No matter what, your body starts to lose strength as you age. Most people reach their strength peak around age 25, and some research shows marathon runners tend to be fastest at 28, though, of course, this is going to vary from person to person. If you started strength-training after 25 and hadn't before, your peak would come later.

But if you want to truly stay fit, you're going to need to keep building strength to combat your body's natural loss of muscle mass. It's worth it to do so, and it may be the thing that keeps you young longest. As Joyner wrote for Outside Magazine, "study after study is showing that simple tests of physical performance are highly predictive of future mortality." To achieve peak physical performance at any age, you need to go beyond endurance to build strength.

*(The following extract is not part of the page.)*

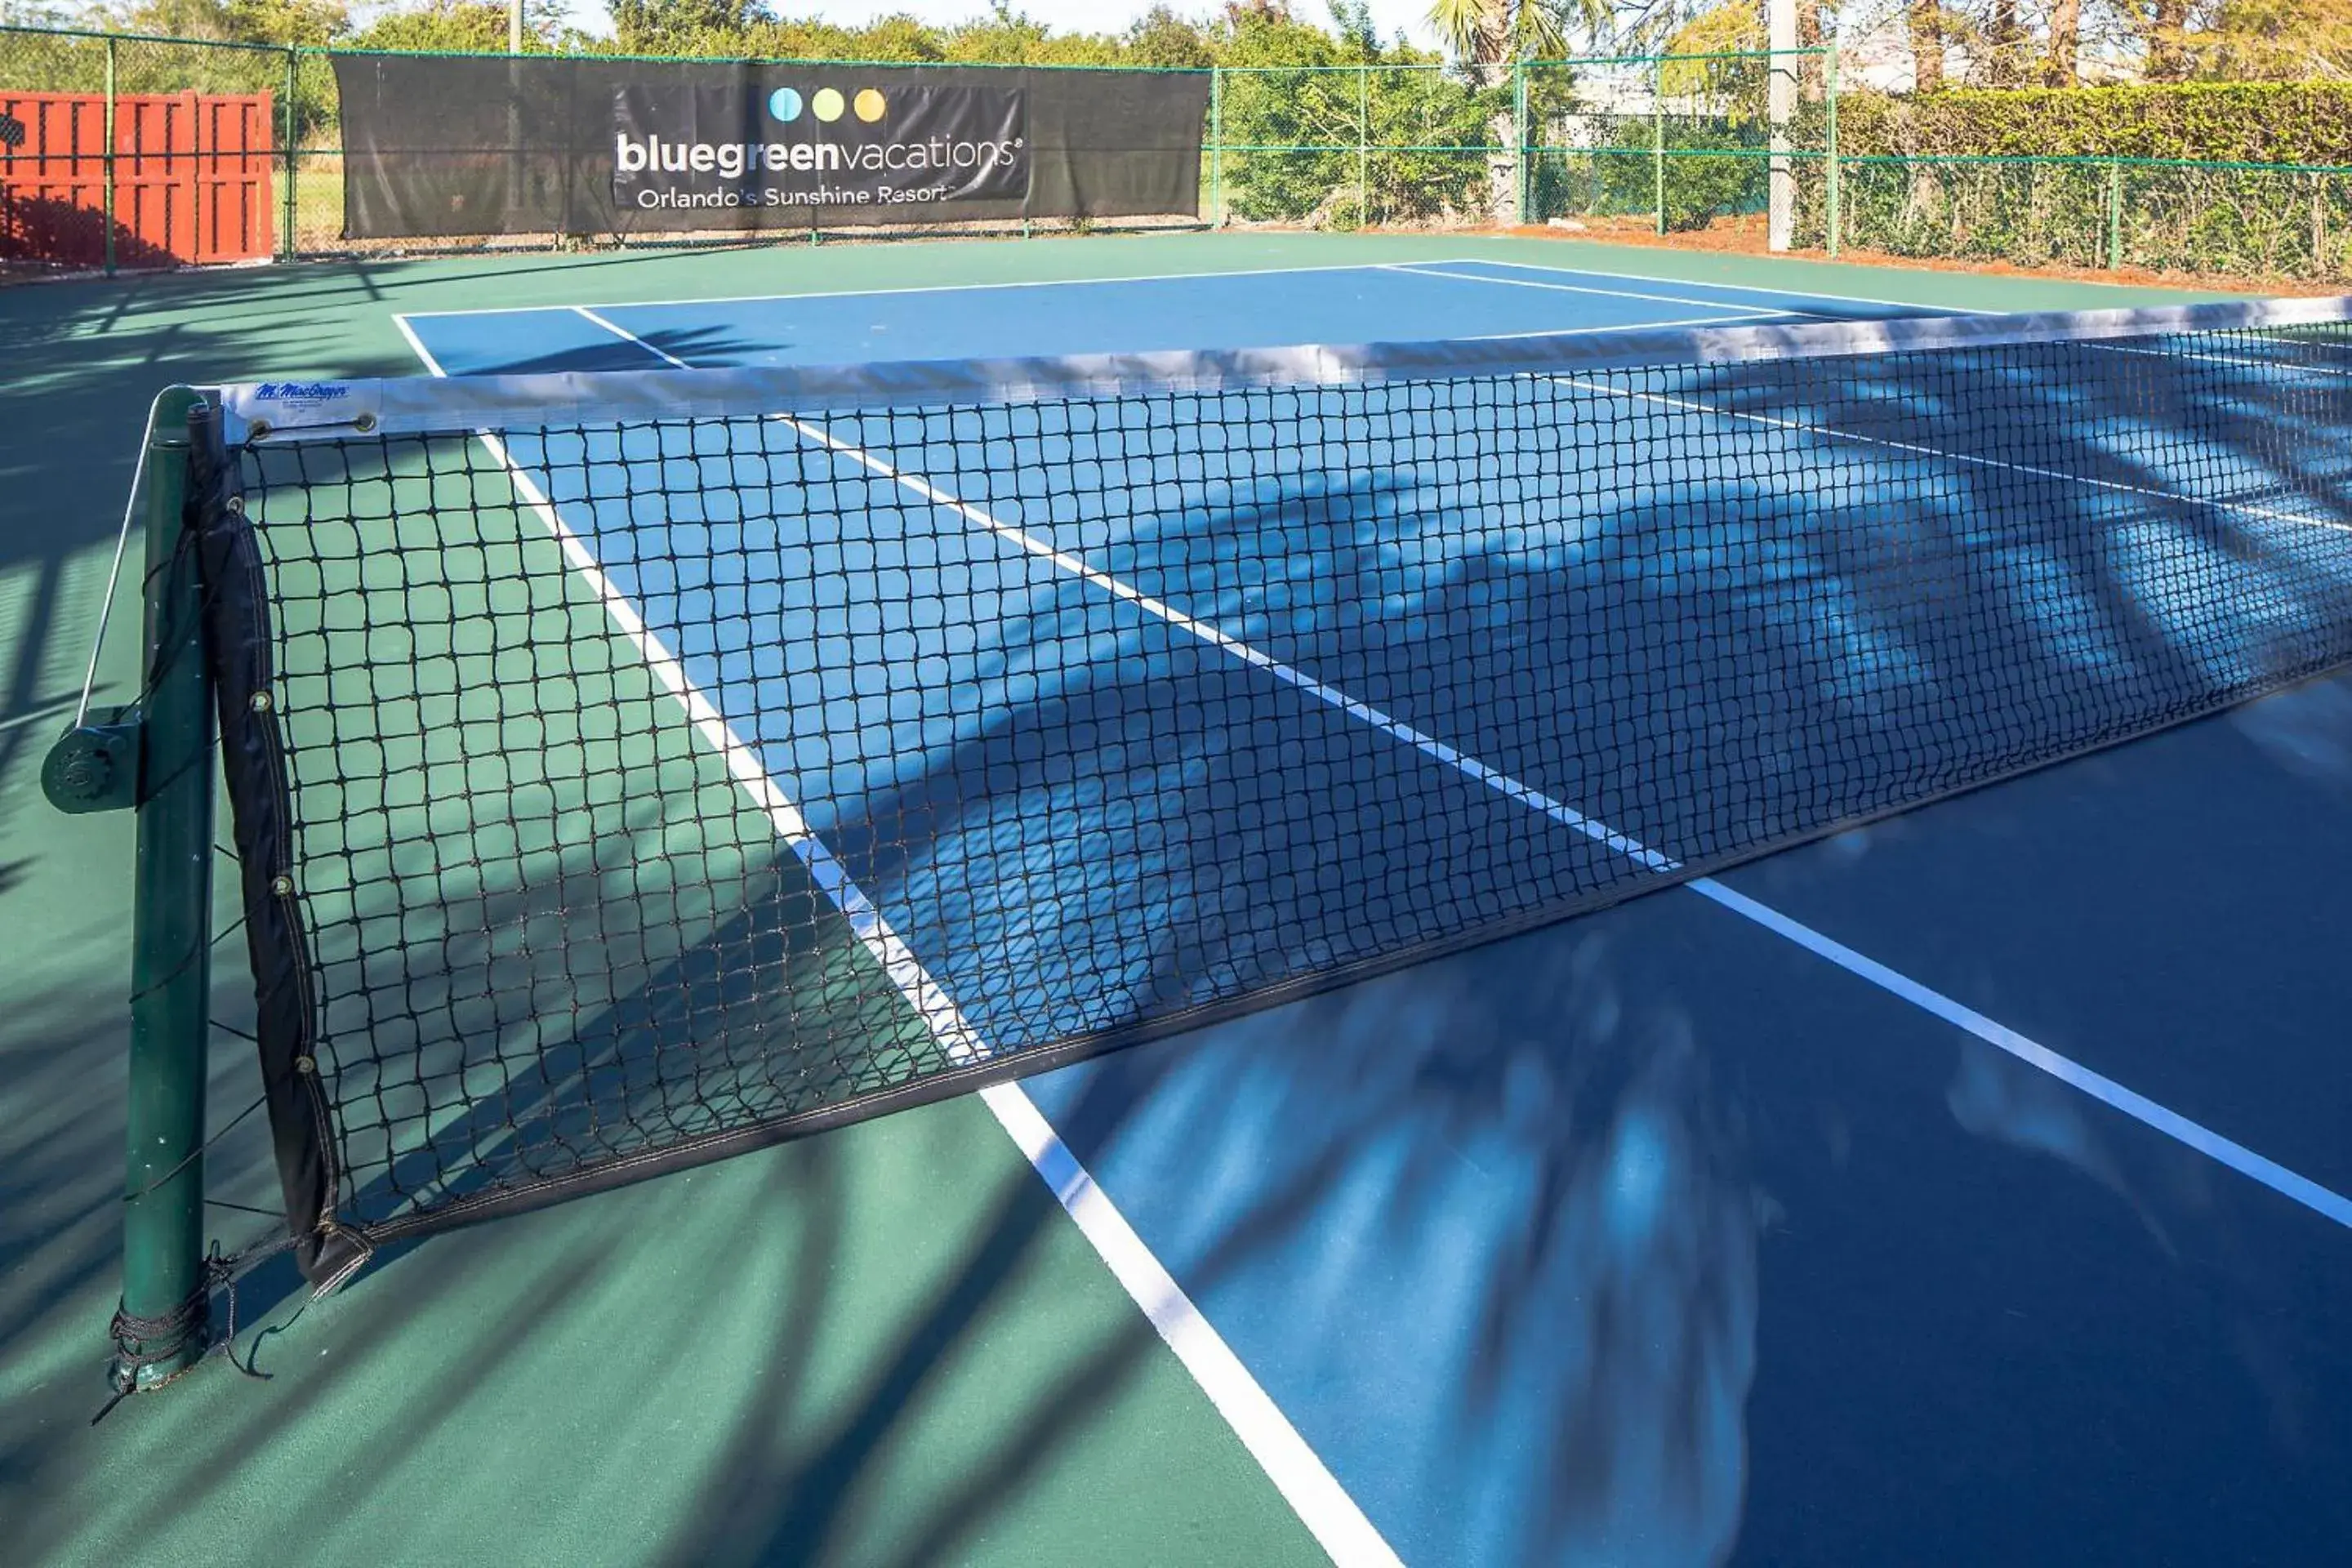 Activities, Tennis/Squash in Bluegreen Vacations Orlando's Sunshine Resort
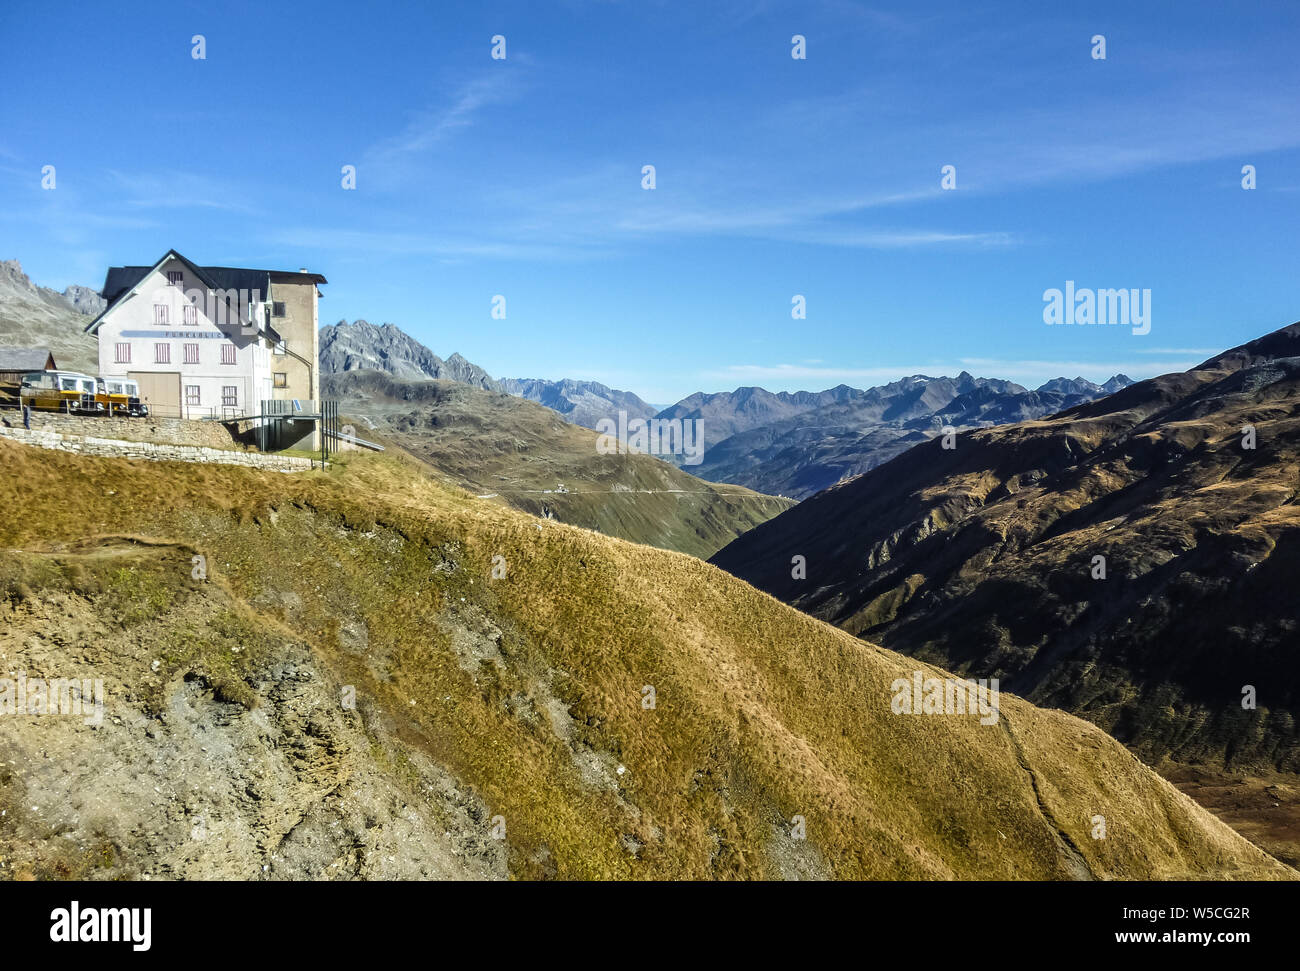 Hotel Furkablick in the mountains, Furkastrasse, Realp, Swiss Alps, Switzerland, Europe Stock Photo

You can build strength in a lot of ways — lifting weights and adding intervals to endurance workouts both work. But these two workouts will build both your endurance and your strength, all at once.

"On hard days, I'll sometimes alternate a minute of burpees with sets using a weighted jump rope," Joyner tells us.

Ouch.

How to do these workouts

Trainers love to recommend burpees, simply because they're hard to beat in terms of single exercises that will work your whole body. Instagram-famous fitness trainer Kayla Itsines recently said a burpee with a push-up would be the exercise she'd choose "if she had to pick one" for a full-body workout; and if you want a real crazy challenge, you could try trainer Bobby Maximus' "prison burpee" workout that he uses to challenge Special Forces soldiers.

But it's worth starting slow with burpees just to make sure you get the form right. If you start standing, you'll then squat down until you can put your hands on the ground. Kick back into plank position, do a push-up, then kick your legs back into your squat position. Then jump.